**** COLLECTED MATERIAL ****

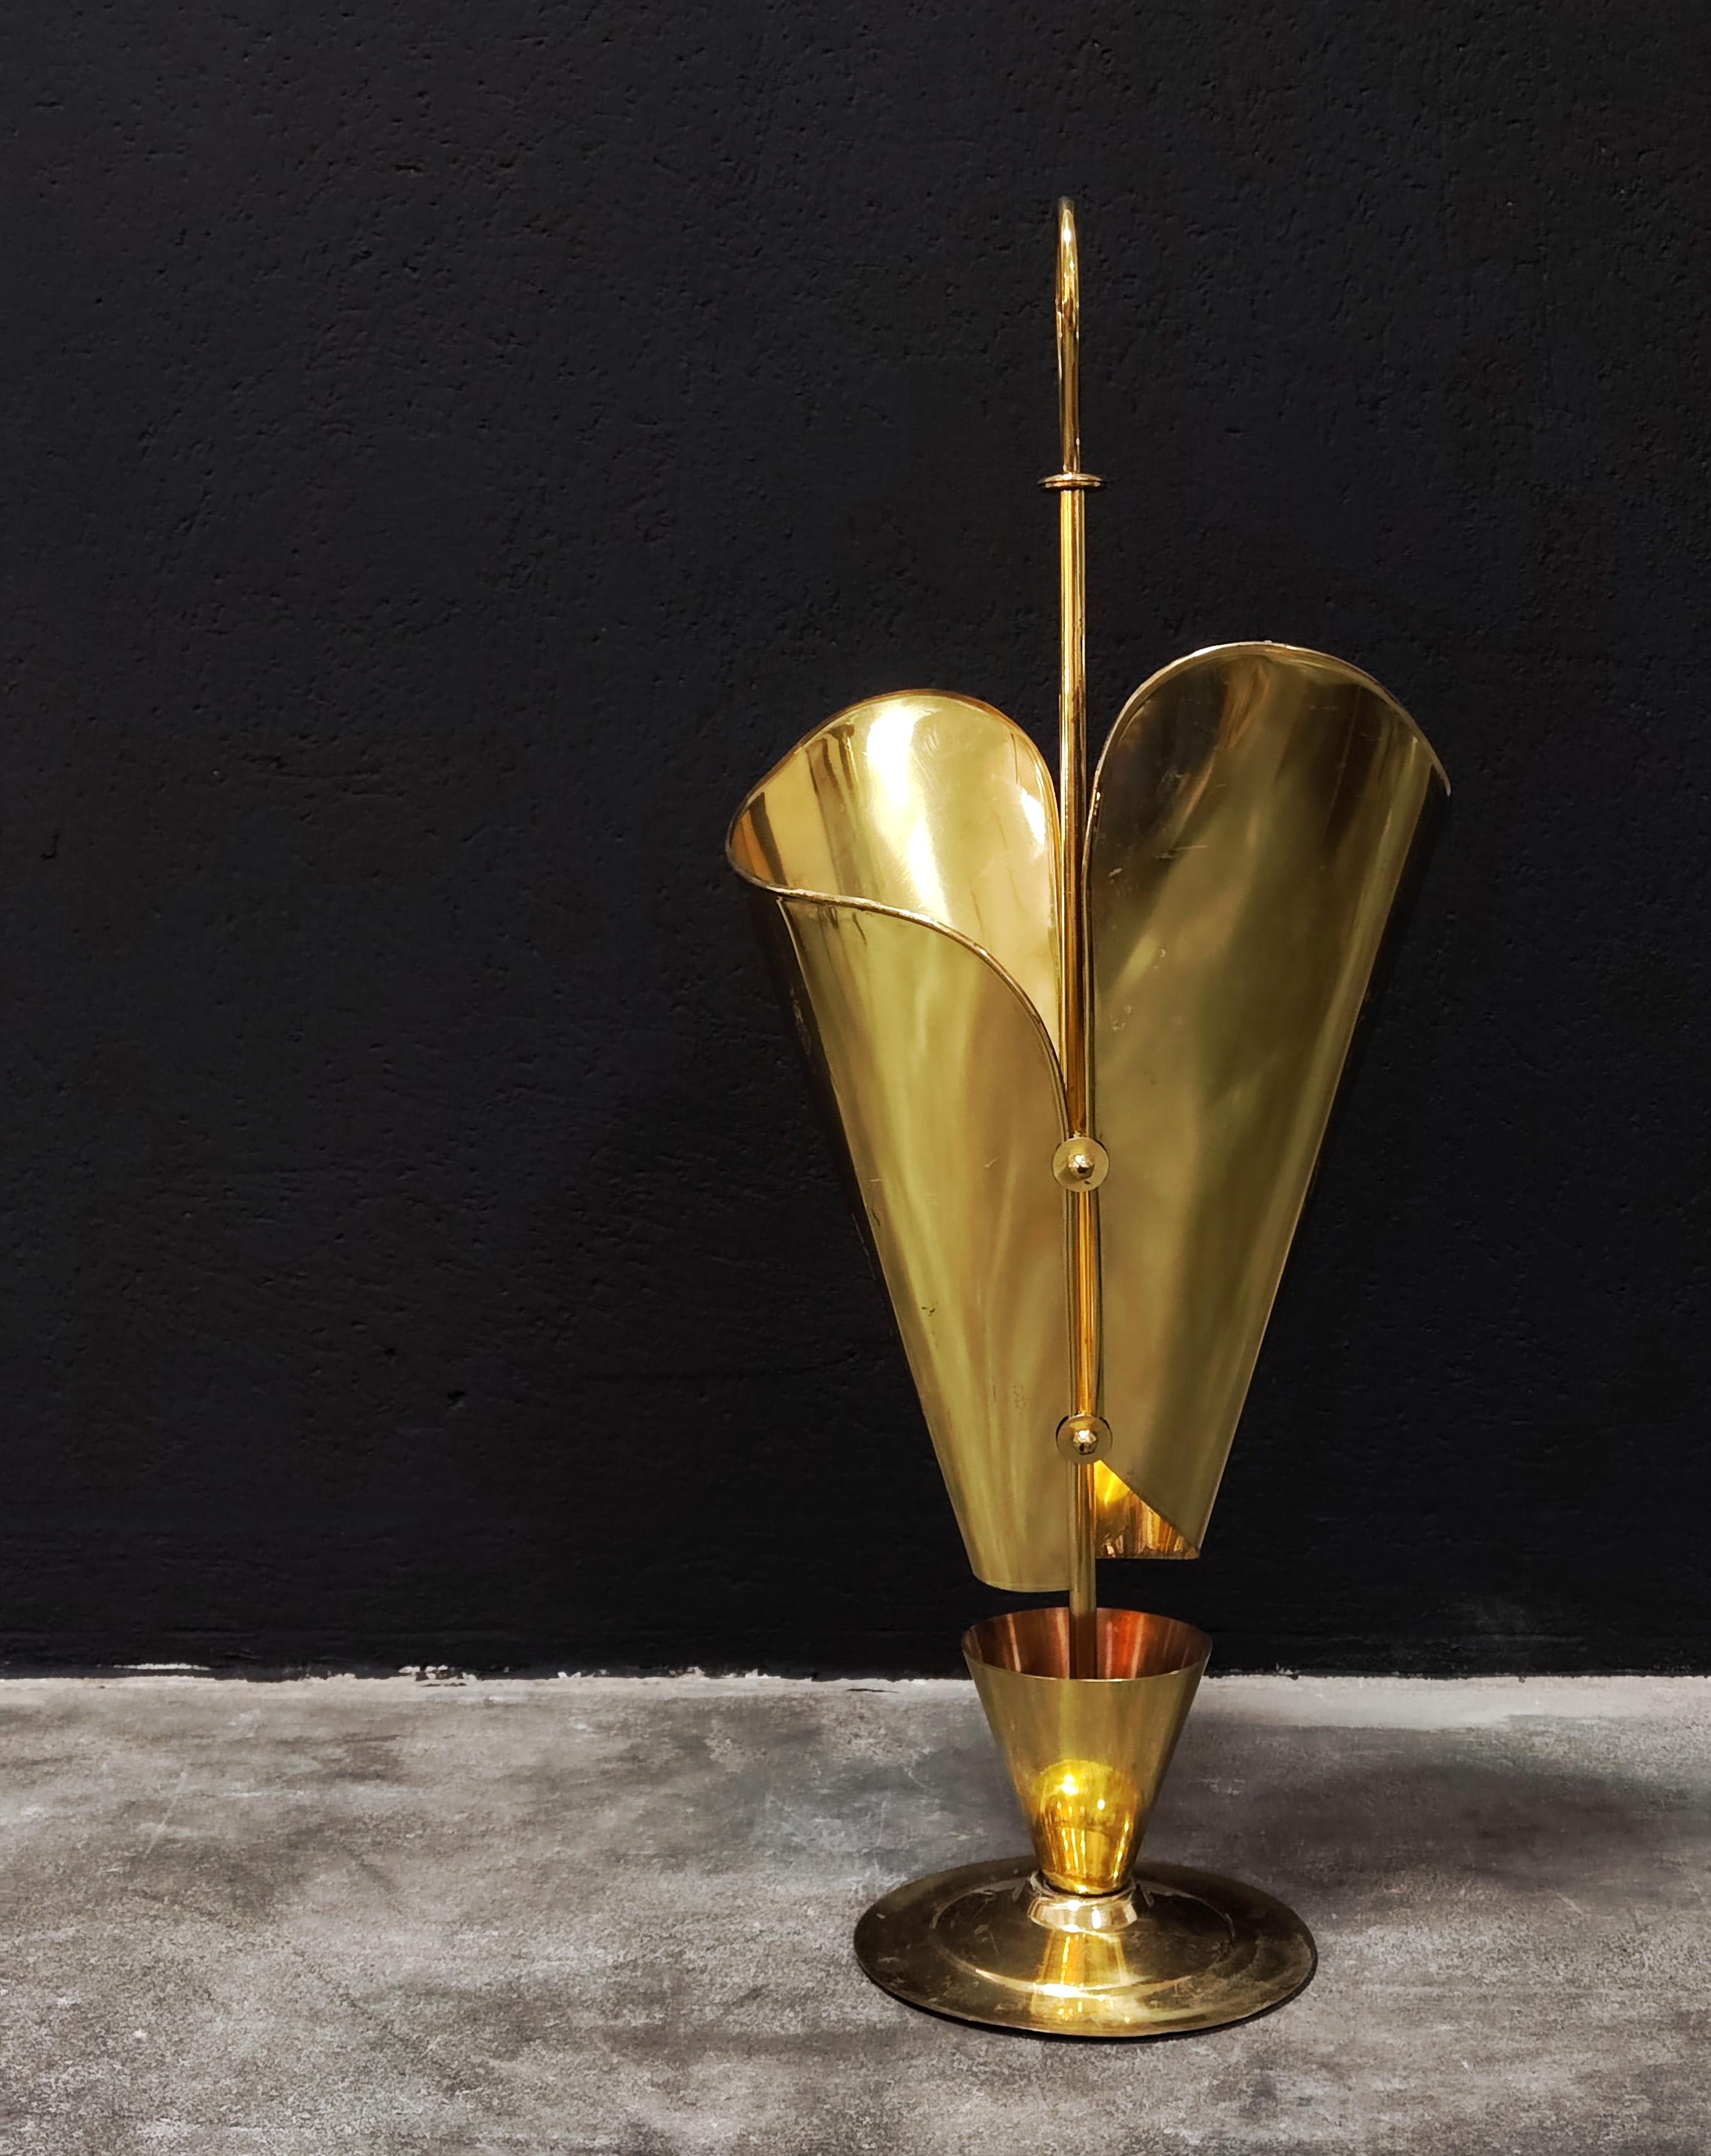 In this listing you will find a very rare and extremly elegant Hollywood regency asymmetrical umbrella stand done entirely in brass. Made in Italy in 1950s.

Very good vintage condition with some signs of time and use such as patina.

When
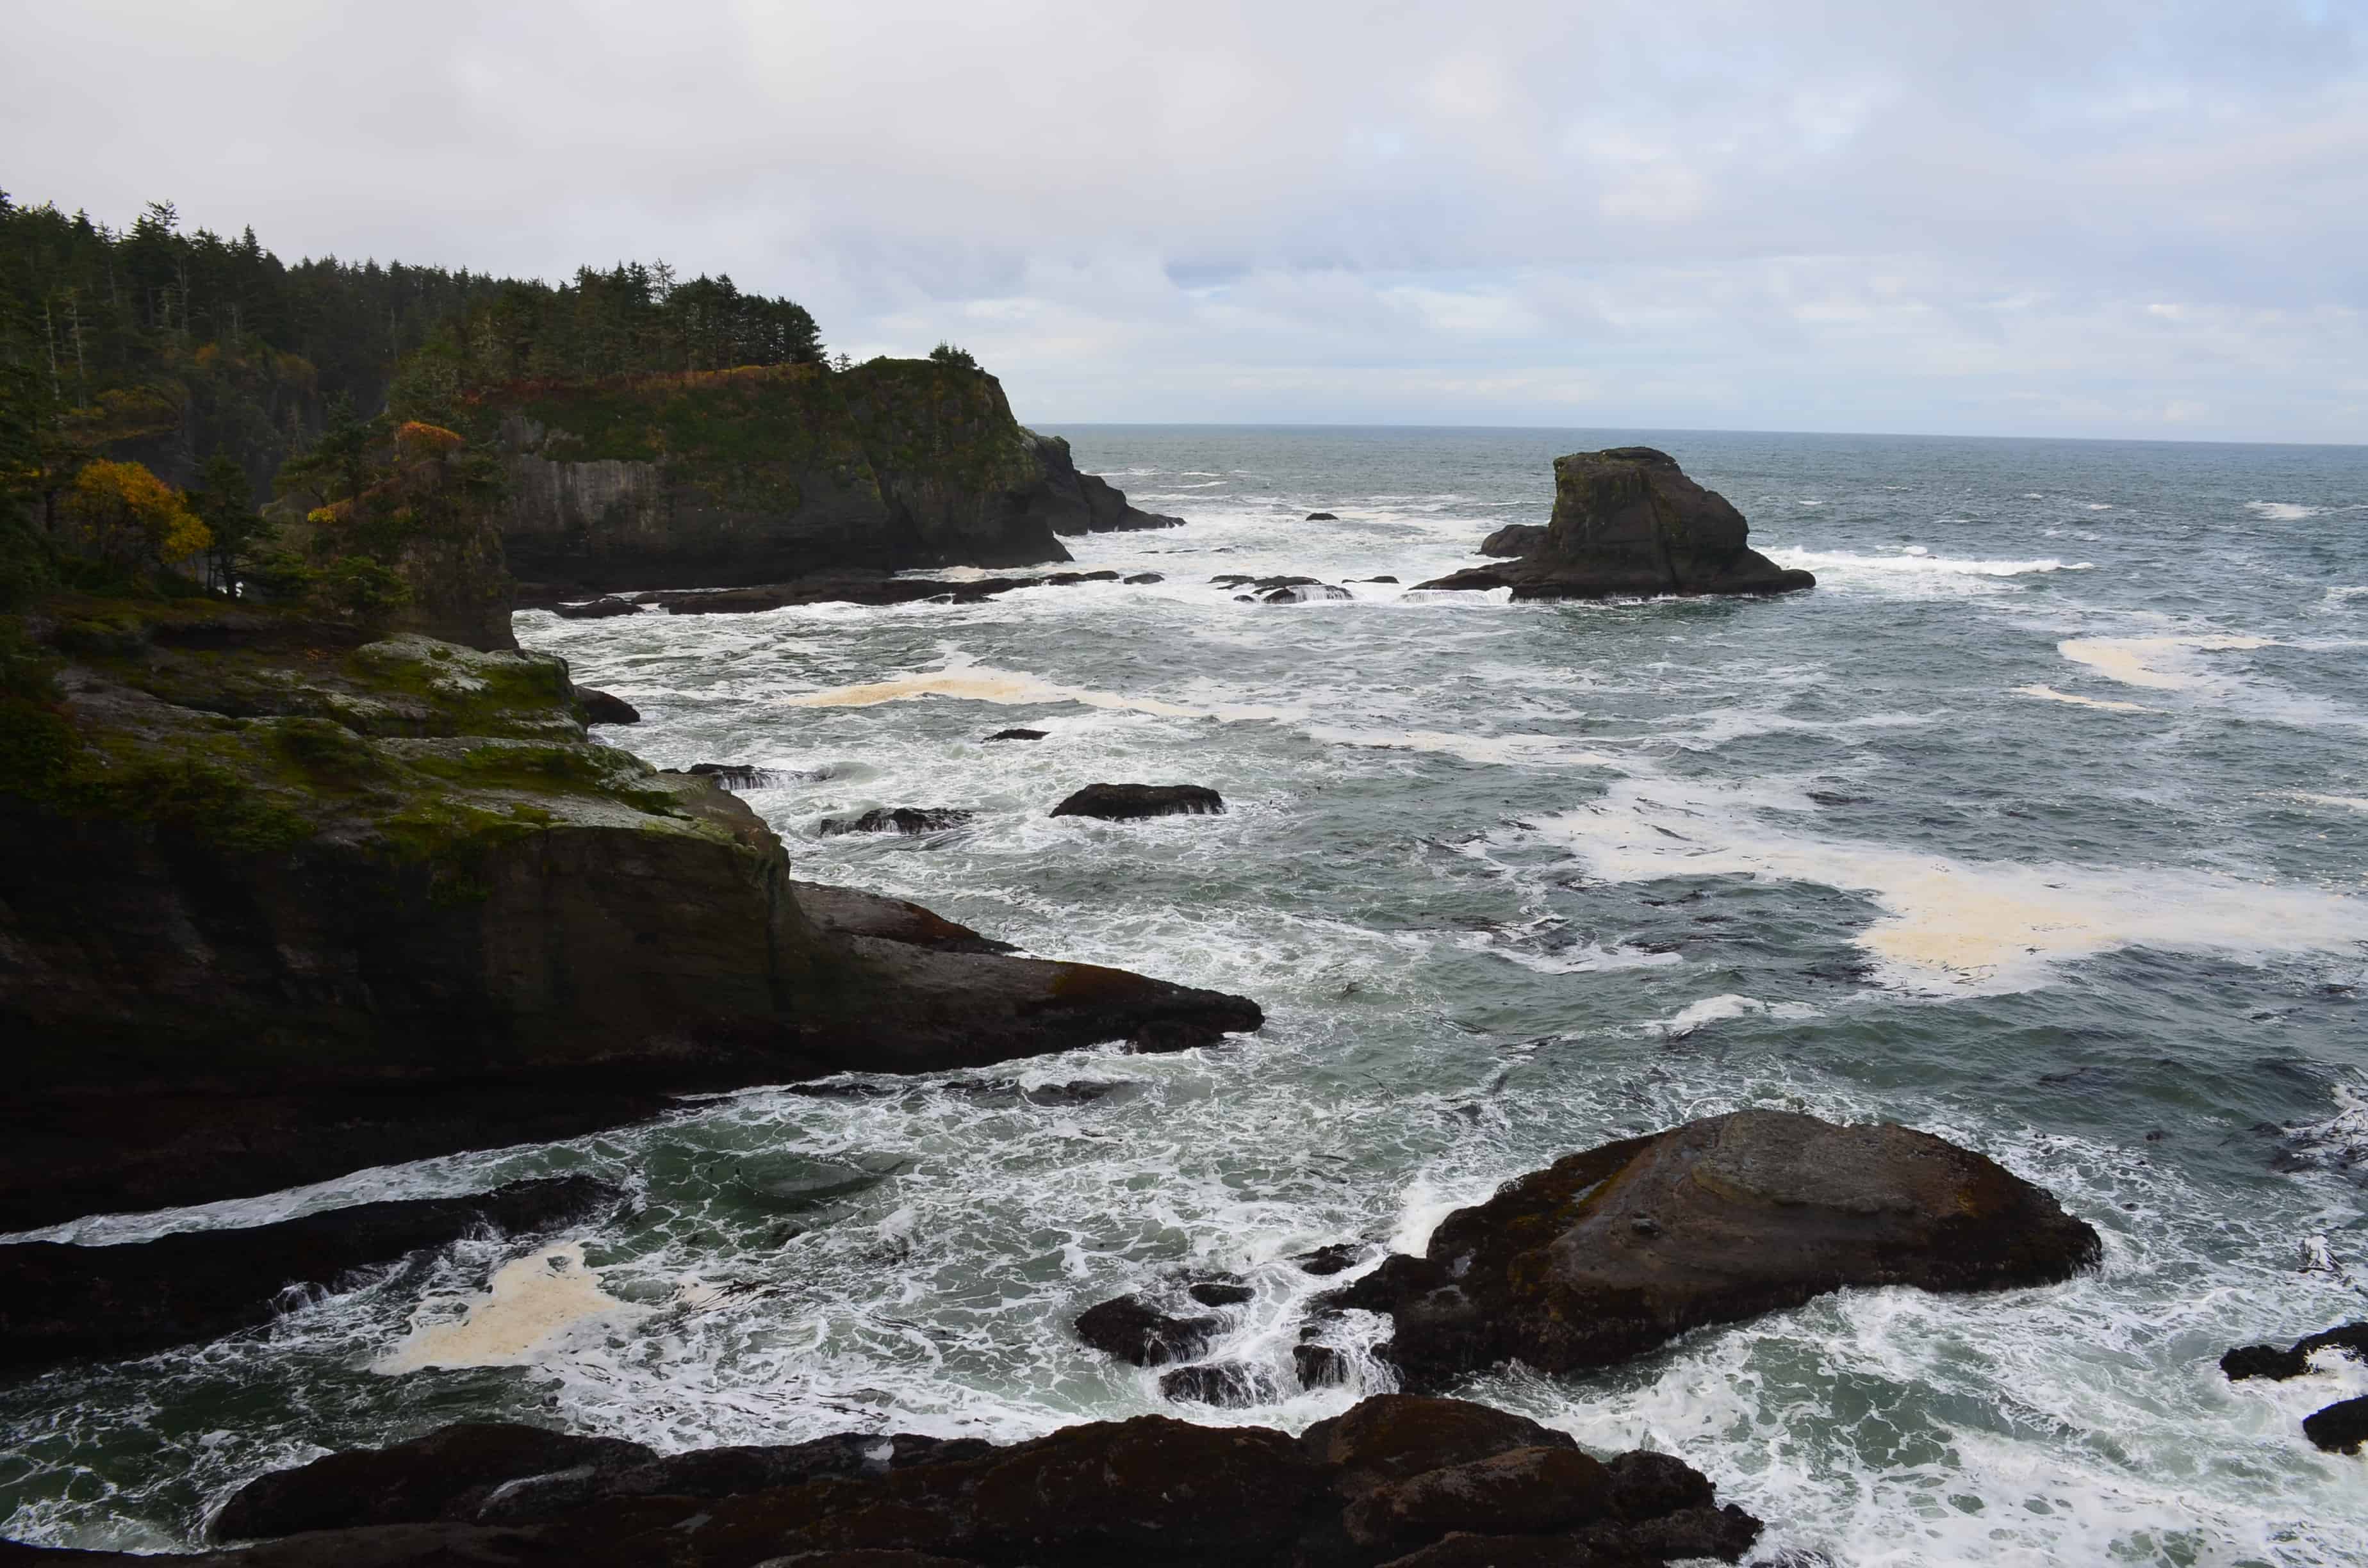 Looking south from the third viewpoint on the Cape Flattery Trail on the Makah Reservation in Washington

****

Every line from the one containing "Very good vintage" through the end of the listing is to be copied exactly; the pictures are not.

SOLUTION FOR THIS EXERCISE
Very good vintage condition with some signs of time and use such as patina.

When
 Looking south from the third viewpoint on the Cape Flattery Trail on the Makah Reservation in Washington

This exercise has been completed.